Like I said, I wanted the car, but not so much that I wasn't willing to walk away from the deal.

When all was said and done, it was 4:30 pm. (We had been there since noon.) After getting the car home, I had time to look through the manual (still brand new and unopened – obviously the previous owner had never even looked at it) and found the reset procedure, which took care of the four low air pressure warnings. The undefined warning symbol was oil related, so I checked the oil level (which was fine), replaced the dipstick, and after restarting the car that warning disappeared as well. (I guess it's like the unseated gas cap warning? The stick hadn't been fully inserted.)
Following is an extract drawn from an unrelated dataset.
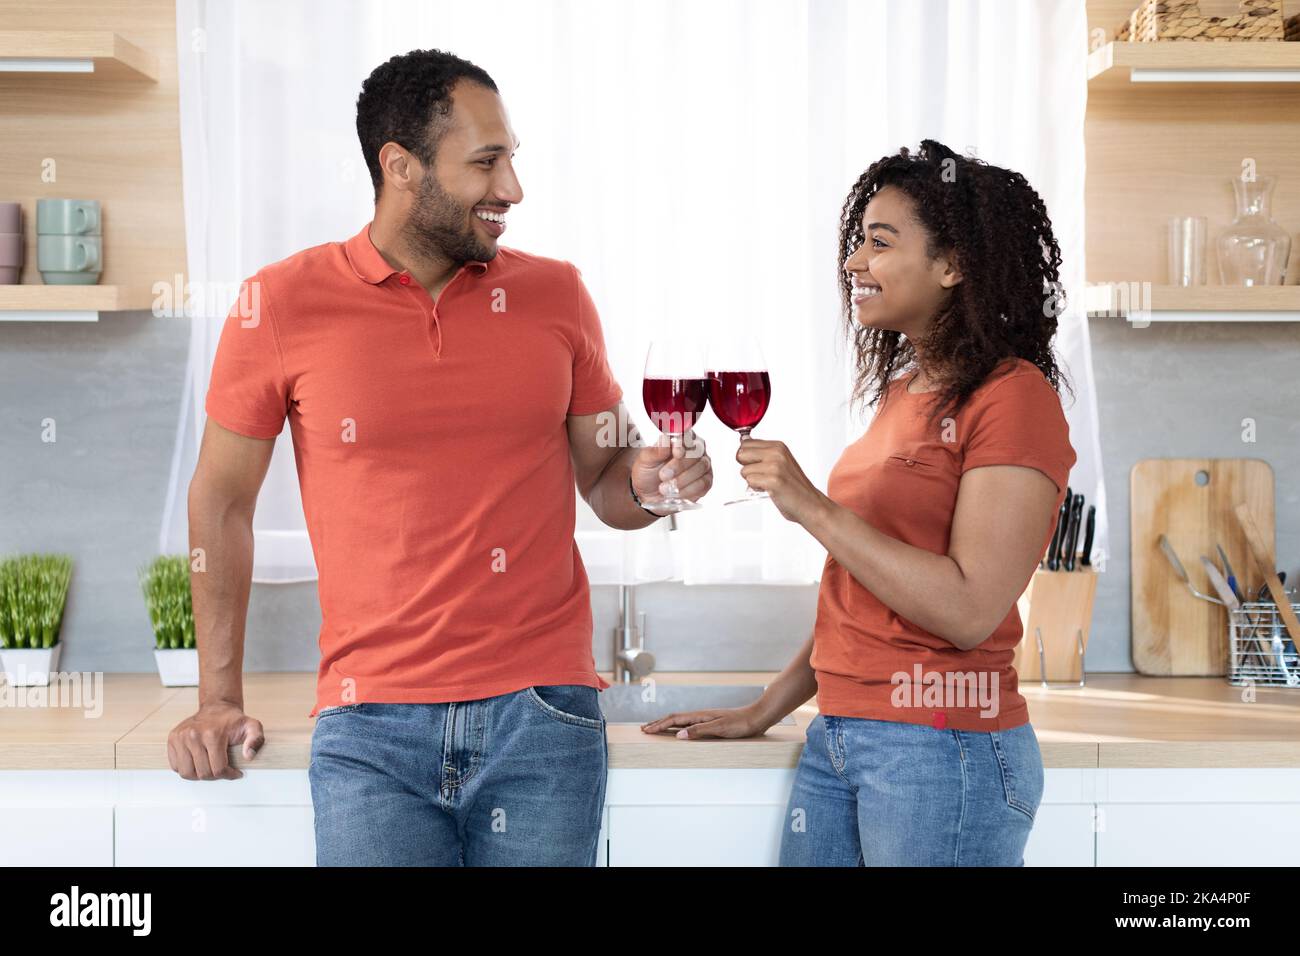 Lächelnde, fröhliche junge schwarze Frau und Mann mit einem Glas Wein genießen Sie Urlaub, Freizeit und Feier Stockfoto
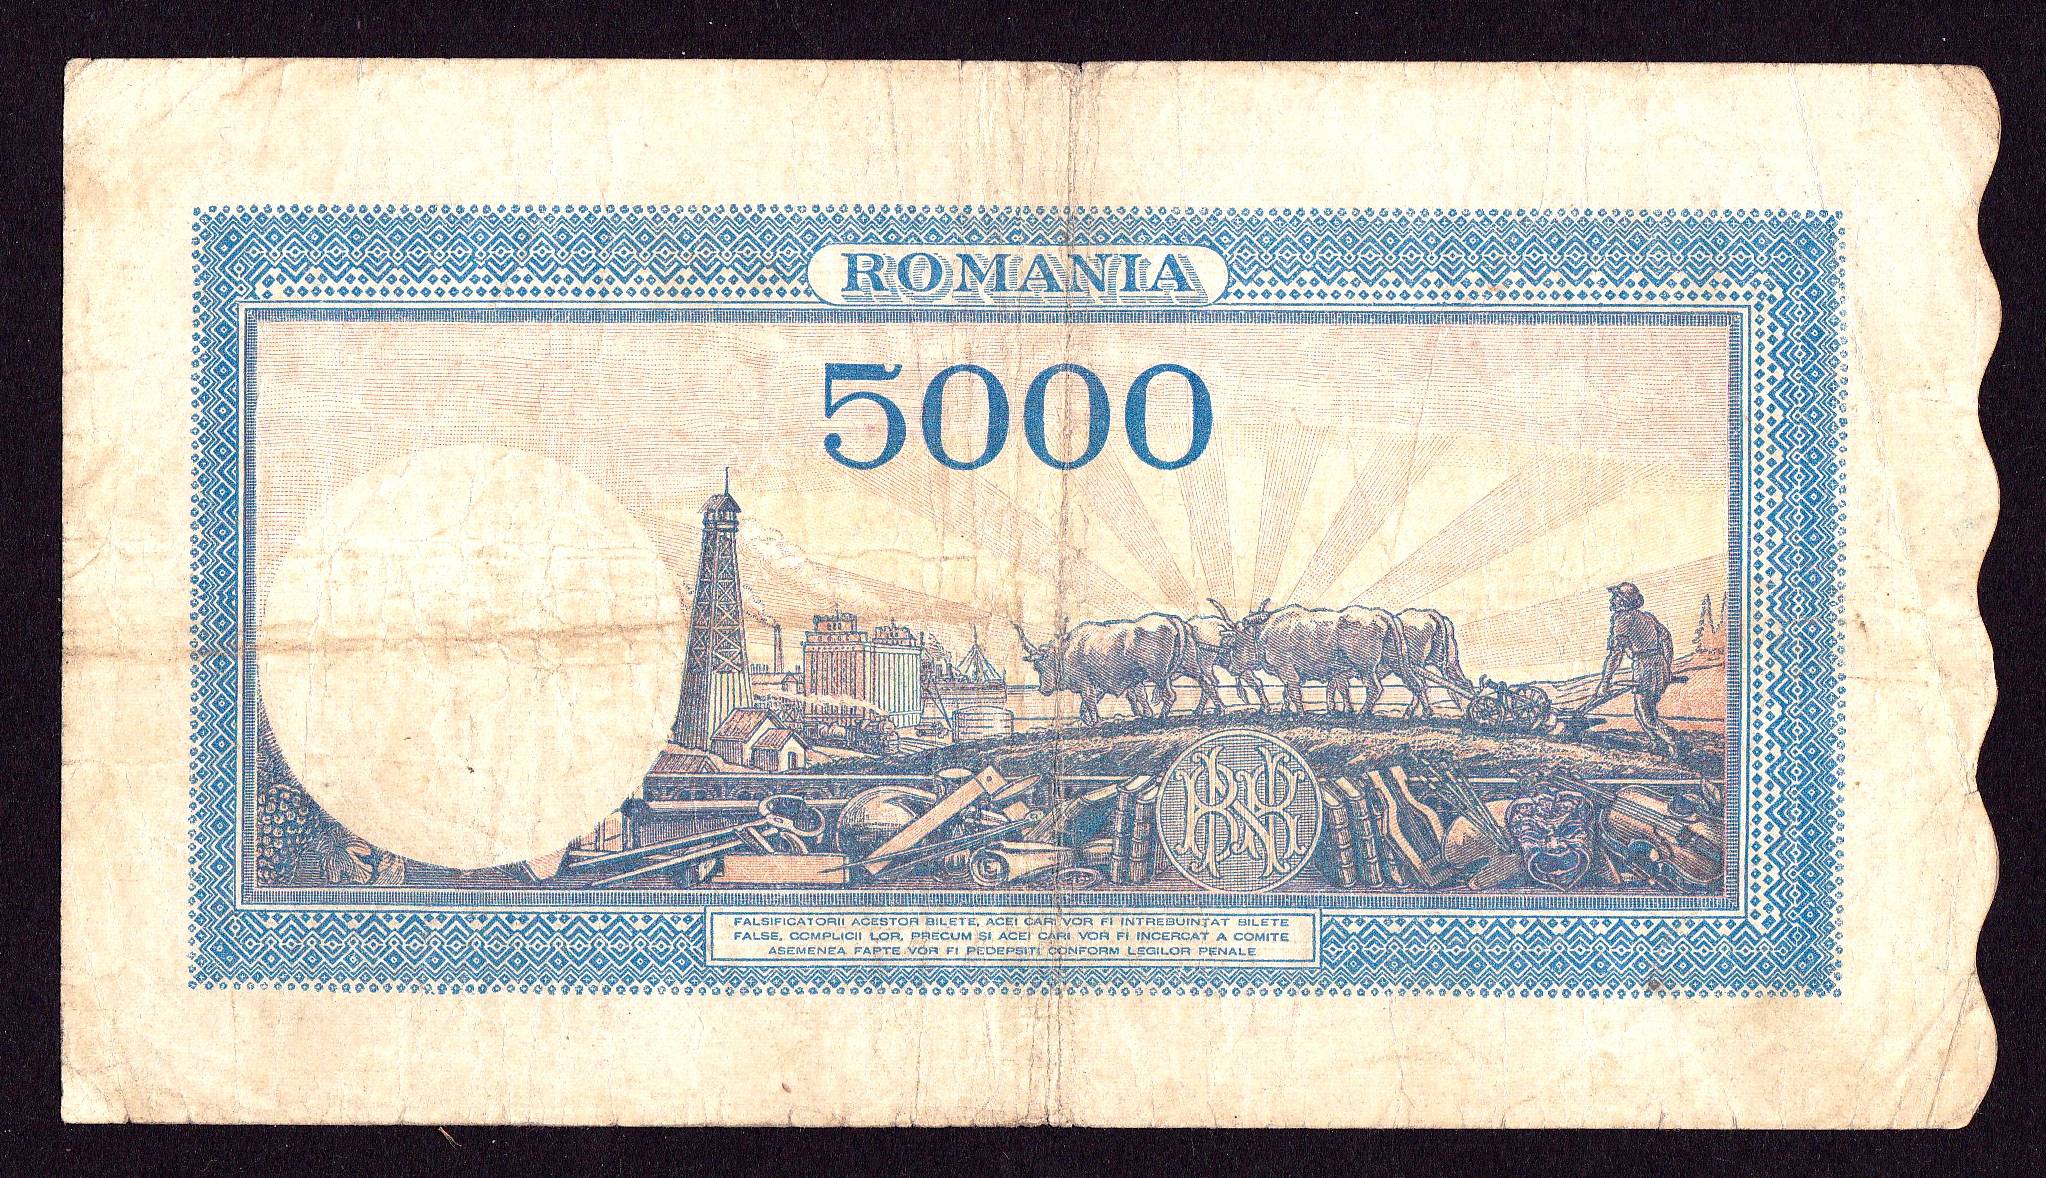 5000 лей в рублях. Румыния 5000 лей 1944. 5000 Румынских лей. 5000 Лей. 500 Лей 1945 Румыния.

Since that time I noticed that one of the license plate bulbs was burnt out, the stubby antenna was missing and—probably most troubling of all—the center console that was shown in the online photos of the car—had mysteriously disappeared between the time the photos were taken and my test drive.

I've already replaced the bulb and antenna, and have emailed them regarding the console, but I seriously doubt I'll hear anything back.* (The car was sold "as-is") and frankly at this point I hope I never have to set foot in that dealership again.

*Update: I just got an email from Derek telling me he'd "find out what happened to those items." Ugh.